In the Chinese context, before 2020, the whole Internet industry enjoyed a rapid and wild development. Since the regulations were relatively loose, many social scandals occurred while those tech giants were busy with fighting for market share and revenue with their technological innovations including AI systems. For instance, data leak kept hitting the headlines and employing those discriminatory pricing algorithms became almost a common practice in the whole e-commerce industry. Yet after entering the new decade (perhaps since the IPO of Ant Group), it seems that the government has determined to tighten up the regulation. Apart from the comprehensive Personal Information Protection Law, the government issued the first specific regulation ever on algorithmic recommendation systems, Provisions on Internet Information Service Algorithmic Recommendation Management (互联网信息服务算法推荐管理规定). It came into effect in March 2022, in which Article 17 states that “algorithmic recommendation service providers should provide users with service options that are not based on their personal characteristics; or provide users with convenient options to turn off algorithmic recommendation services.” Further, Article 21 stipulates that “algorithmic recommendation service providers who sell commodities or provide services to consumers shall protect consumers’ rights of fair transaction and shall not, based on consumers’ preferences, trading habits and other characteristics, use algorithms to carry out illegal acts such as unreasonable differential treatment on transaction prices and other transaction conditions.” In tandem with other regulatory methods such as anti-trust investigations and administrative punishments, these new laws are expected to reduce the unethical uses of algorithm in China, although it will require some more time to see how effective they are. After all, will you turn off the algorithmic recommendation services? Perhaps more will turn them off on e-commerce sites considering the risk of discriminatory pricing, yet how many will turn them off on social media and video platforms? If not so many, how can we really get out of the filter bubble?

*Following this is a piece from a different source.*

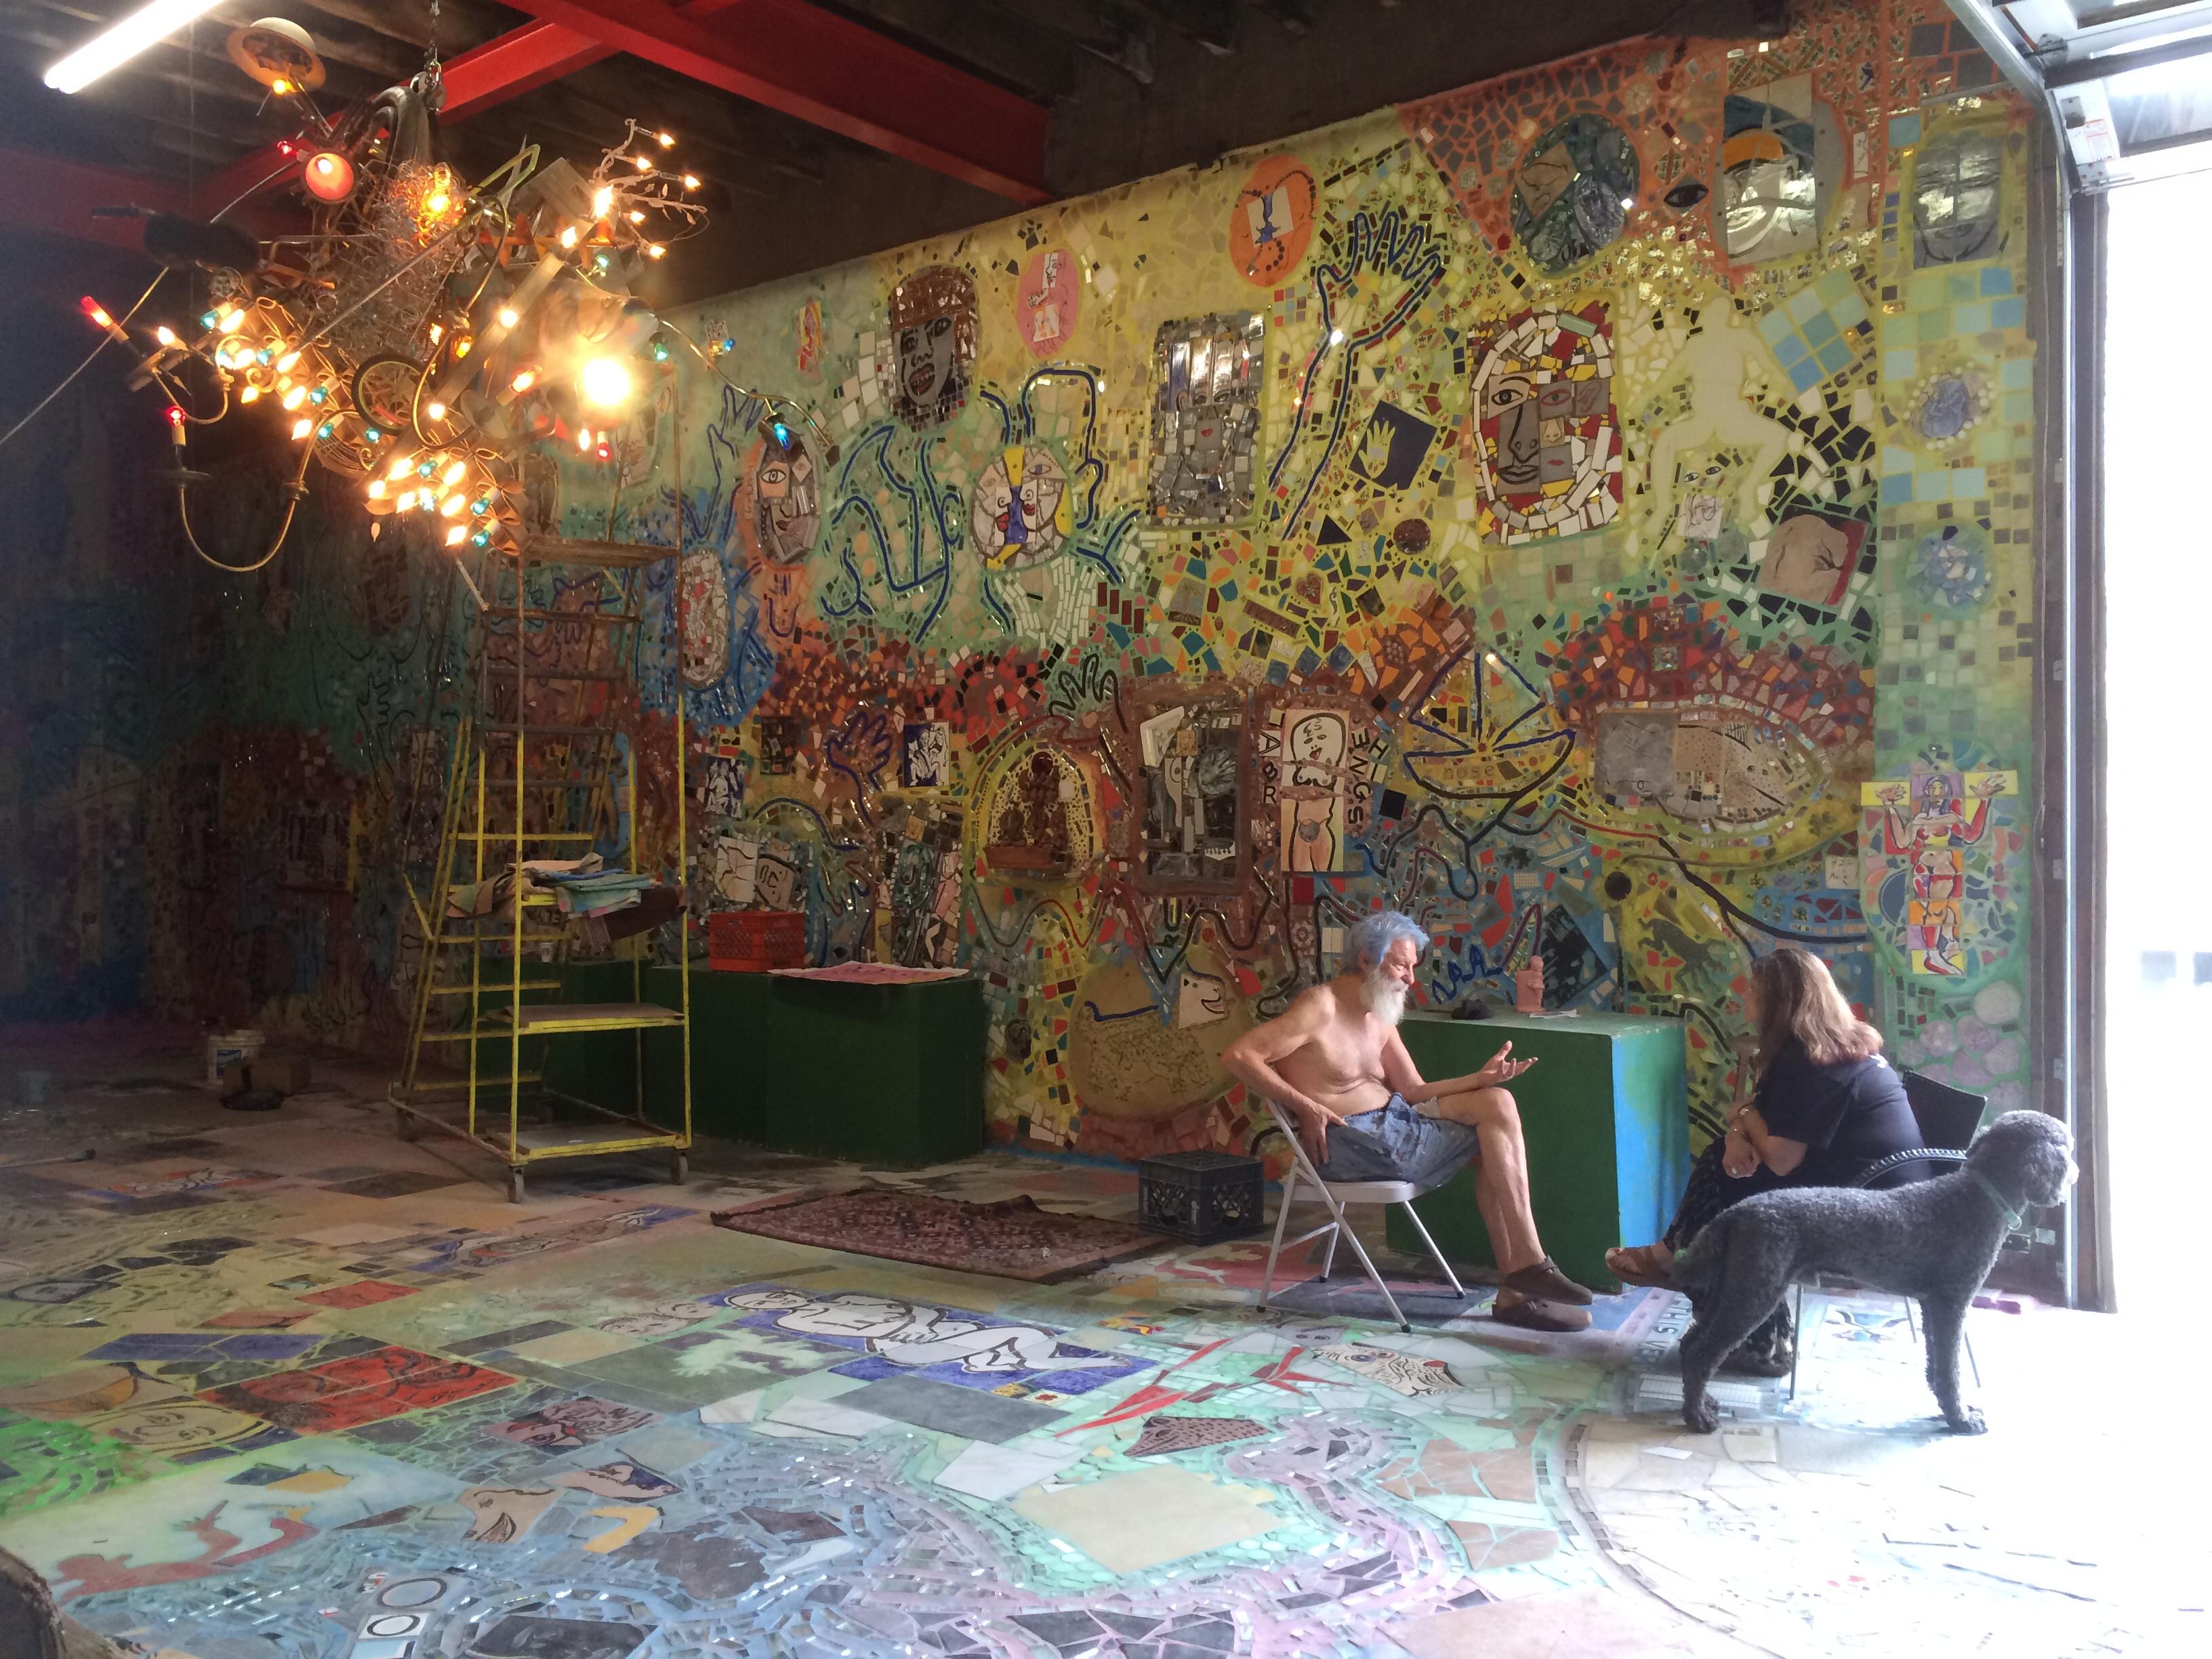 Isaiah Zagar, master artist, Michele Saffier, LMFT, CSAT-S

Either way, Chinese netizens may welcome these regulatory initiatives since now they have more options now, in terms of living with algorithmic recommendation or not, although finding that turn-off option might feel like a hide-and-seek. This is perhaps the advantage of having a government that is more powerful than the tech giants. Yet meanwhile, that power, exactly like AI, can also be used for censorship, suppression, and propaganda. So, is AI in worse or better hands in China?
Junhua Zhu is a doctoral researcher working at the Centre for East Asian Studies, University of Turku. Previously he received his master’s degree from Lund University and currently his research focuses on AI ethics, particularly in the Chinese context.